Nuclear Politics

Europe / EC Backs European Industrial Alliance On SMRs To Mobilise Sector

By Rumyana Vakarelska
22 March 2024

Group will look at concrete projects and hold first general assembly later this year

EC Backs European Industrial Alliance On SMRs To Mobilise Sector
Yves Desbazeille, director-general of industry group nucleareurope, said 2024 ‘has been a good time for nuclear power’.

The European Industrial Alliance on Small Modular Reactors received political affirmation from the European Commission on 22 March in Brussels, a move towards mobilising capital and streamlining the licensing process for first- of-a kind SMRs in Europe and streamline the licensing process, making the sector more competitive globally.

The commission, together with EU nuclear industry, held an event on 22 March to take stock of the progress in the setting up of the alliance following its launch in early February.

The event set out to confirm industry’s interest in joining the alliance and promoting the membership in the alliance to stakeholders.

Yves Desbazeille, director-general of the European nuclear industry group nucleareurope and chair of the European SMR pre-partnership steering committee, said the alliance will look at concrete projects and is going to hold its first general assembly later this year.

He said that “after four years, 2024 has been a good time for nuclear power,” also referring to the first Nuclear Energy Summit on 21 March in Brussels.

Thierry Breton, European commissioner for internal market and Kadri Simson, European commissioner for energy, attended the 22 March SMR alliance event.

The alliance will help political stakeholders in the European Union to back up their country’s new nuclear build plans, especially SMR projects, to retain Europe’s competitiveness in this market.

“The first-of-a kind European SMR will be unaffordable, but then becomes [cost] competitive,” said Desbazeille.

At “today’s event we call for nuclear power to be treated equally and that both nuclear and renewable sources share the clean energy output to fight climate change,” he added.

It is important that Europe keeps the current level of nuclear power, Desbazaeille noted.

Nuward chief executive officer Renauld Crassous, representing France, one of the leading SMR developer countries in the EU, said at a press briefing on 22 March that state energy company EDF and Nuward fully support the SMR alliance and that a competitive price for the electricity produced by the new technology should not exceed €100/MWh.

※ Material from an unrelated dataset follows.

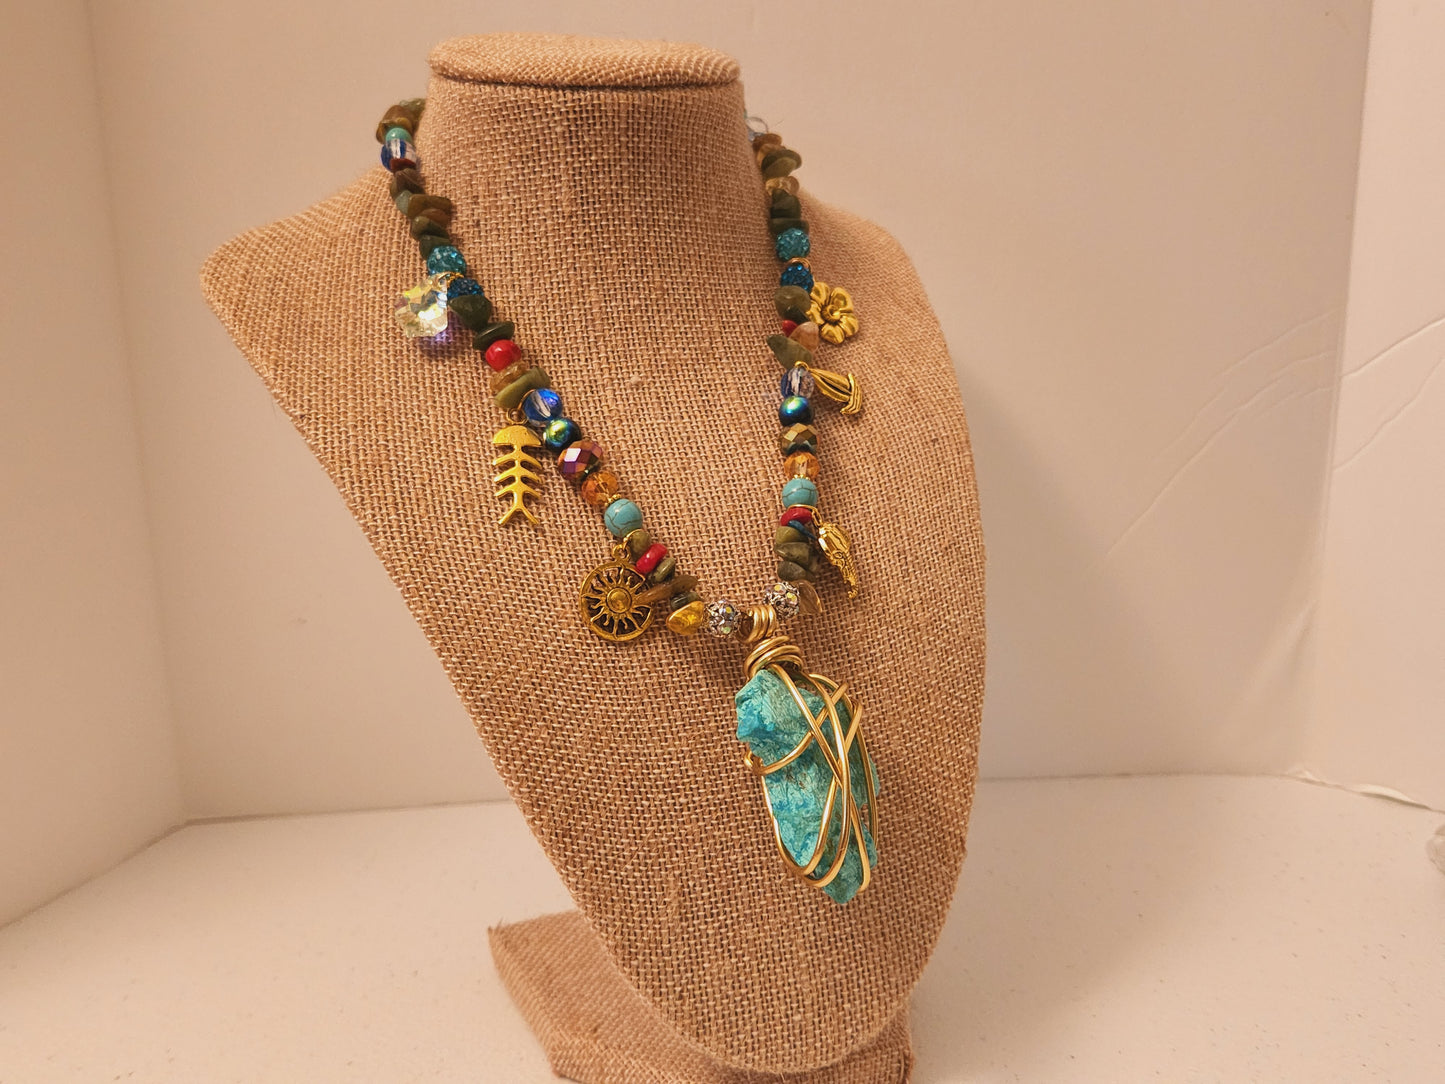 Chrysocolla Necklace with Charms, Wire Wrap Crystal Necklace

Nuward is developing an SMR for which first concrete is slated to be poured in 2030, marking the formal start of construction, Crassous told NucNet in October.

Target Is To Be ‘Better Than Coal And Gas’

Crassous listed his company’s criteria for moving forward to a first-of-a kind SMR project launch that he hoped the alliance will support. Those criteria include sharing resources, finance for SMR clients – possibly by providing state or bank guarantees – and helping with supply chain issues.

He said fostering regulation and safety standardisation is crucial, as is support for skills development and gaining public acceptance, especially in times when the public mood is positive about nuclear power.

Crassous had said previously that he wanted Nuward to be competitive with coal and gas-fired power in the range of €50 to €100/MWh of baseload production.

“So, our target is to be better than coal and gas and this will not be easy because I am sure that the first-of-a-kind SMR of all developers will be relatively expensive,” he said.

“It is the rationale of SMRs [modularity] and the economies of the series effect which will lead to competitiveness.”

According to the International Atomic Energy Agency, the “series effect” results in economies through the standardisation of factory production and feedback from the onsite deployment of several identical plants.